## Matrix factorization

We want to minimize
$$\min_X f(X)=f(U,V):=\frac 1 2 \|U V^\top - A\|^2_F,$$
where  $A\in {\mathbb R}^{m\times n}$, $U\in {\mathbb R}^{m\times r}$, $V\in {\mathbb R}^{n\times r}$ and $r<\min\{m,n\}$.
The gradient is given by $\nabla f(X) = [(UV^\top -A) V^\top, (UV^\top-A)^\top U]^\top$.

This is a nonconvex problem, moreover due to the product $UV^\top$, the gradient $\nabla f$ is not globally Lipschitz (but locally is).

For this experiment we used [Movielens 100K dataset](https://grouplens.org/datasets/movielens/100k/). In particular, we used the file `u.data` from that archive.



In [None]:
import numpy as np
import scipy.linalg as LA
import pandas as pd
import seaborn as sns
from matplotlib import pyplot as plt
from algorithms import *


%load_ext autoreload
%autoreload 2

We load the dataset and write all data to the sparse matrix $A$. This matrix will collect movie ratings from $943$ users on $1682$ movies.

In [None]:
# Load data from disk
names = ['user_id', 'item_id', 'rating', 'timestamp']
df = pd.read_csv('datasets/u.data', sep='\t', names=names)
n_users = df.user_id.unique().shape[0]
n_items = df.item_id.unique().shape[0]

# Create r_{ui}, our ratings matrix
ratings = np.zeros((n_users, n_items))
for row in df.itertuples():
    ratings[row[1]-1, row[2]-1] = row[3]

A = ratings
m, n = A.shape
print("The dimensions of A are:", m, n)

In [None]:
# Choose the value for r (10, 20, 30)

r = 20

def f(X):
    U, V = X[:m], X[m:]
    return 0.5* LA.norm(U @ V.T - A)**2

def df(X):
    U, V = X[:m], X[m:]
    res = U @ V.T - A
    grad_U = res @ V
    grad_V = res.T @ U
    return np.vstack([grad_U, grad_V])


# evaluation function.
J = lambda x: LA.norm(x)

# the starting point 
np.random.seed(0)
X0 = np.random.randn(m + n, r)

# number of iterations
N = 30000

Notice that in order to run GD or AGD, we require manually to tune a stepsize $1/L$. We found it by many rounds of trial and errors. Interestingly, both these methods converge with different steps, and they both diverge if one takes in two times larger steps respectively.
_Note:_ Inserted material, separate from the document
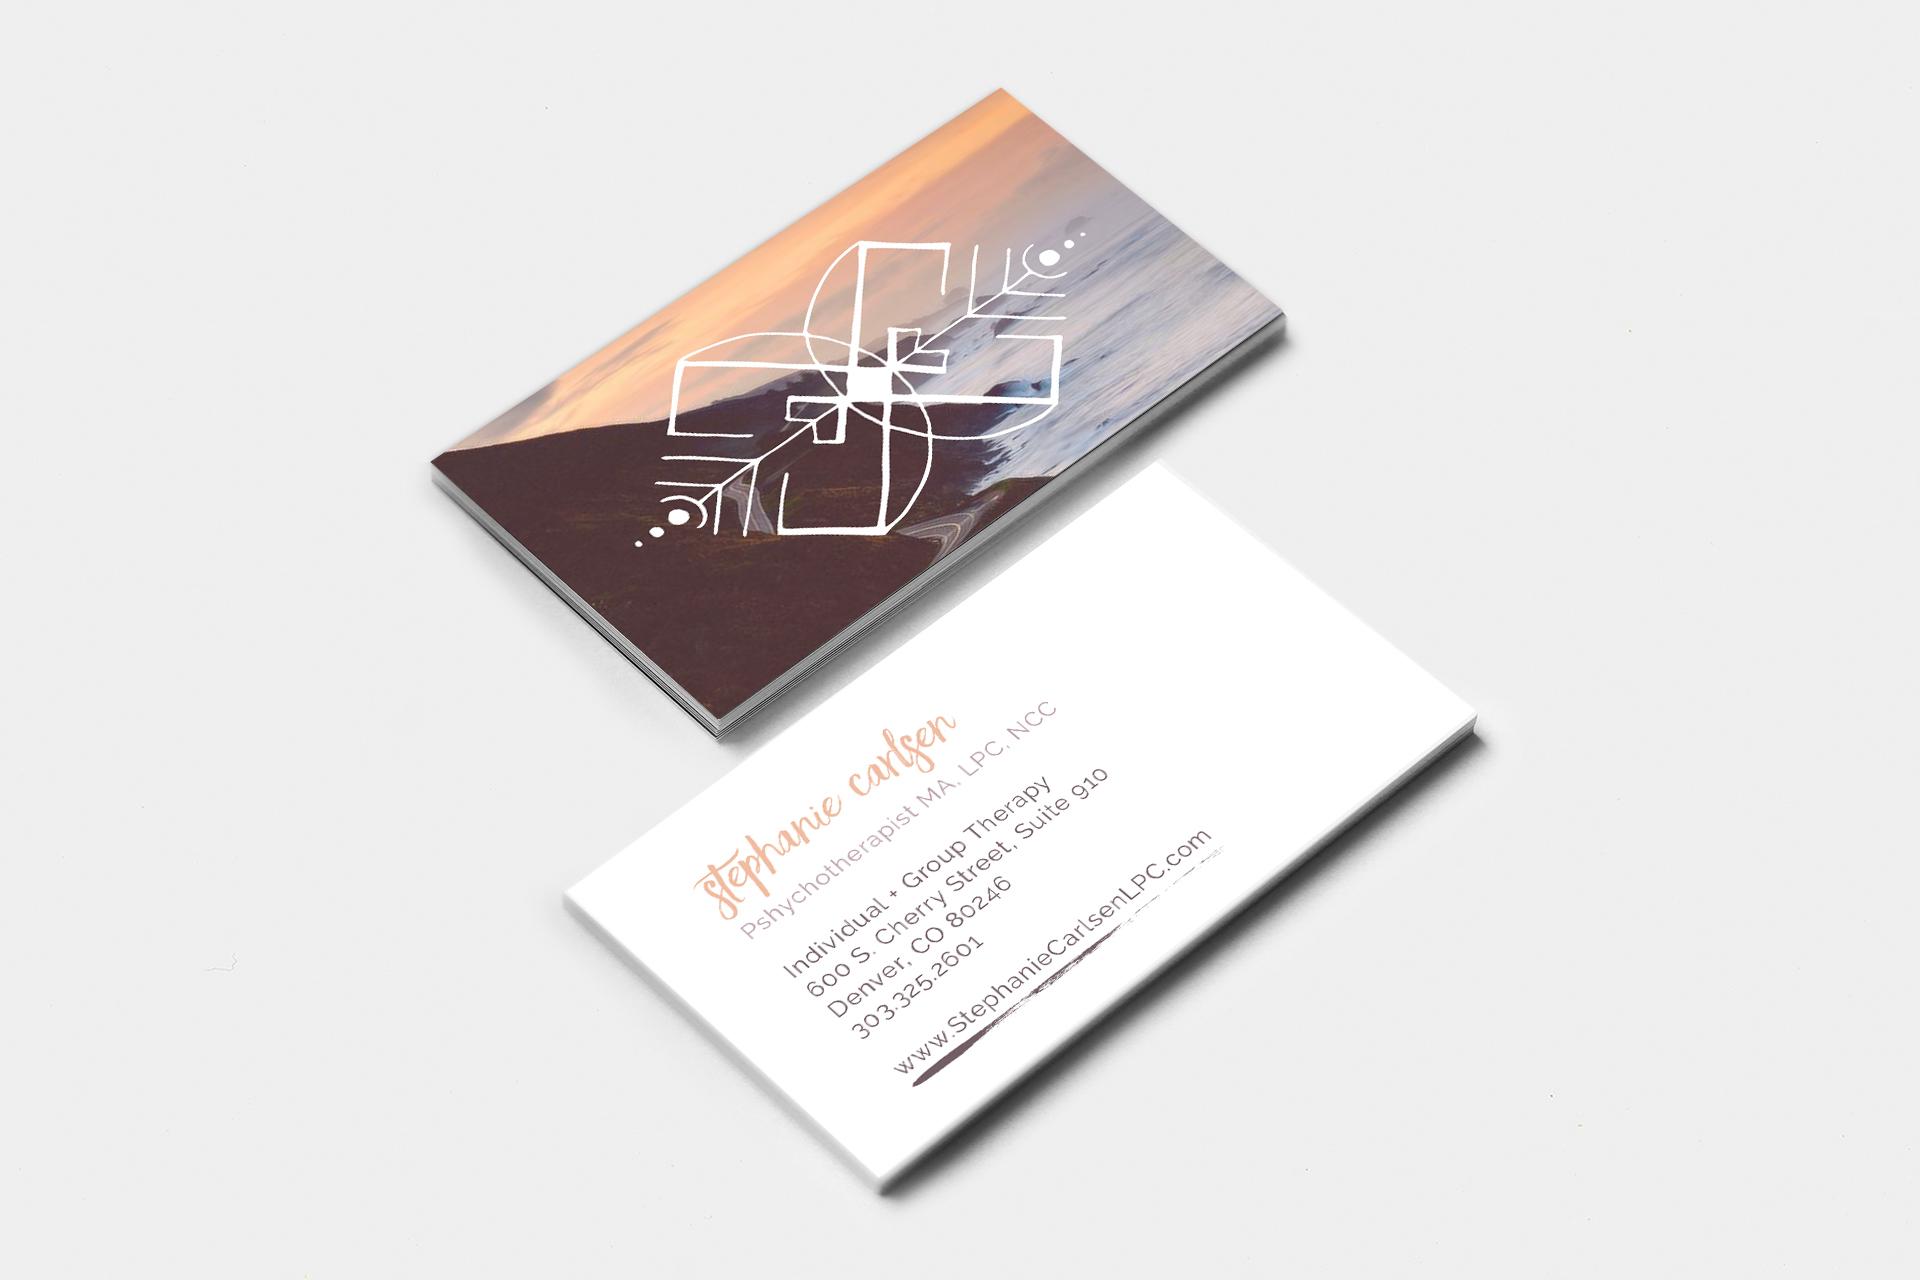 steph business card mockup.jpg

Here is the values of $L$, for which GD and Nesterov GD work well and they don't work if we decrease $L$ in $2$ times

| r  |      GD      |  Nesterov |
|----|:------------:|------:|
| 10 |  1000 |10000   |
| 20 |  1000    |30000   |
| 30 | 1000|  20000   |

Yes, it is very strange. For symmetry, it would be much better if we swap last two values in the third column.



In [None]:
# gradient descent
L = 1000
ans1 = gd(J, df, X0, 1./L, numb_iter=N)


Check that it doesn't work with L=500

In [None]:
# checking that smaller step will not work for GD
# you can skip it
N_ = 1000
L = 500
try:
    ans1_not = gd(J, df, X0, 1./L, numb_iter=N_)
except Exception as e:
    print(e)

In [None]:
# Nesterov accelerated gradient descent
L = 30000
ans2 = accel_gd(J, df, X0, 1./L, numb_iter=N)


In [None]:
# checking that smaller step will not work for acceleretaed GD
# you can skip it
N_ = 10000
L = 15000
try:
    ans2_not = accel_gd(J, df, X0, 1./L, numb_iter=N_)
except Exception as e:
    print(e)

In [None]:
# adaptive GD
ans3 = ad_grad(J, df, X0, 1e-9, numb_iter=N)

In [None]:
# adaptive acelerated GD (heuristic)
ans4 = ad_grad_accel(J, df, X0, 1e-9, numb_iter=N)

Make the plots

In [None]:
sns.set(style="whitegrid", context="talk", font_scale=1.2, palette=sns.color_palette("bright"), color_codes=False)

answers = [ans1, ans2, ans3, ans4]
values = [ans[0] for ans in answers]
labels = ["GD", "Nesterov", "AdGD", "AdGD-accel"]
markers = [',', 'o', '*',  'D']

n_plot = 400
plt.figure(figsize=(8,6))
for i, val in enumerate(values):
    skip = len(val) // n_plot
    plt.plot(
        np.arange(0, len(val), skip), 
        val[::skip], label=labels[i],
        marker=markers[i], markevery=20)
    
plt.yscale('log')
plt.xlabel(u'Iteration')
plt.ylabel(r'$\Vert \nabla f(x^k)\Vert$')
plt.legend()
#plt.savefig('../plots/for_paper/factorization={}.pdf'.format(r), bbox_inches='tight', dpi=300)


Save all data points

In [None]:
np.save('saved_data/factorization-{}.npy'.format(r), np.vstack([ans[0] for ans in answers]))